The kiosks provide a safe and convenient way year-round to dispose of unwanted, unused or expired prescriptions, including controlled substances, and over-the-counter medications at no cost.

"By making safe medication disposal kiosks available in select Oregon stores and expanding to other states this year, Walgreens is taking an important first step to reduce the misuse of medications throughout the country and curb the rise in overdose deaths," said Richard Ashworth, Walgreens president of pharmacy and retail operations. "Everyone has a role to play in minimizing prescription drug abuse, and we are committed to being part of a comprehensive solution to reverse this epidemic."

Safe medication disposal kiosks are currently available in more than 300 Walgreens pharmacies across 23 states and Washington D.C. The kiosks are available during regular pharmacy hours (24 hours a day at most kiosk locations) and offer one of the best ways to ensure medications are not accidentally used or intentionally misused by someone else.

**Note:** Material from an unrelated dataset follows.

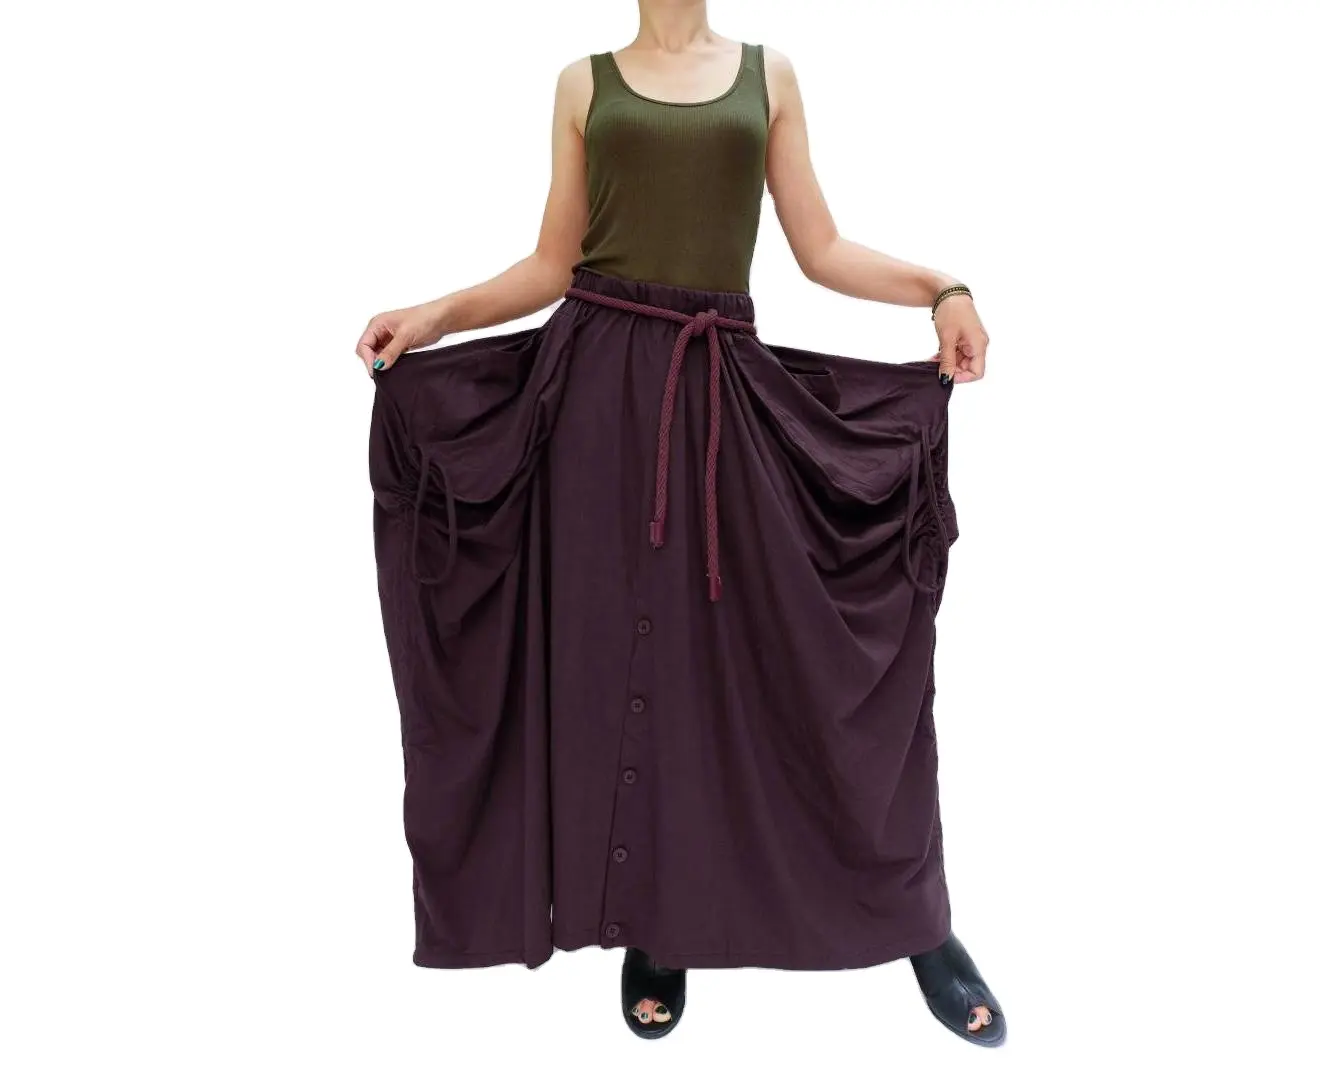 समर ब्रीज़: विस्कोस रेयॉन फ्लेयर्ड स्कर्ट पैंट - महिलाओं के लिए आकर्षक समर बॉटम्स, सहज स्टाइल के लिए महिलाओं के लिए समर बॉटम्स।

"Addiction to opioids and other prescription drugs is a life-or-death issue, and Walgreens deserves significant credit for working in partnership to expand the opportunity to dispose safely of medications that might otherwise be abused," Senator Wyden said. "This program is a smart and targeted tool in the fight to stem this epidemic of opioid addiction in Oregon and nationwide."

Drug abuse continues to be a public health and safety risk. More Americans die every day from drug overdoses than from motor vehicle crashes, according to the Office of National Drug Control Policy.

According to the Substance Abuse and Mental Health Services Administration's 2014 National Survey on Drug Use and Health, almost 15 million Americans misused a prescription drug in 2014, and that same year the Centers for Disease Control and Prevention (CDC) reported a national total of 47,055 drug overdose deaths, which include deaths from prescription and illicit drugs. That is a 6.5 percent increase from 2013 and a 140 percent increase since 2000.

In addition to offering a year-round solution for individuals to dispose of their medications, Walgreens continues to participate in DEA sponsored National Prescription Drug Take Back Days, serving as a collection point in communities for law enforcement to collect unwanted, unused or expired medications for safe disposal. The company is also collaborating with the American Pharmacists Association Institute on Alcoholism and Drug Dependencies to continue to offer a substance abuse education program for pharmacists and student pharmacists.

States where Walgreens Safe Medication Disposal Program has been implemented are Alabama, Arizona, California, Colorado, District of Columbia, Idaho, Illinois, Iowa, Kansas, Mississippi, Montana, Nebraska, New Mexico, North Carolina, Ohio, Oklahoma, Oregon, South Carolina, South Dakota, Tennessee, Texas, Utah, Washington. Installation in Wisconsin has begun in the state and is expected to be complete in August.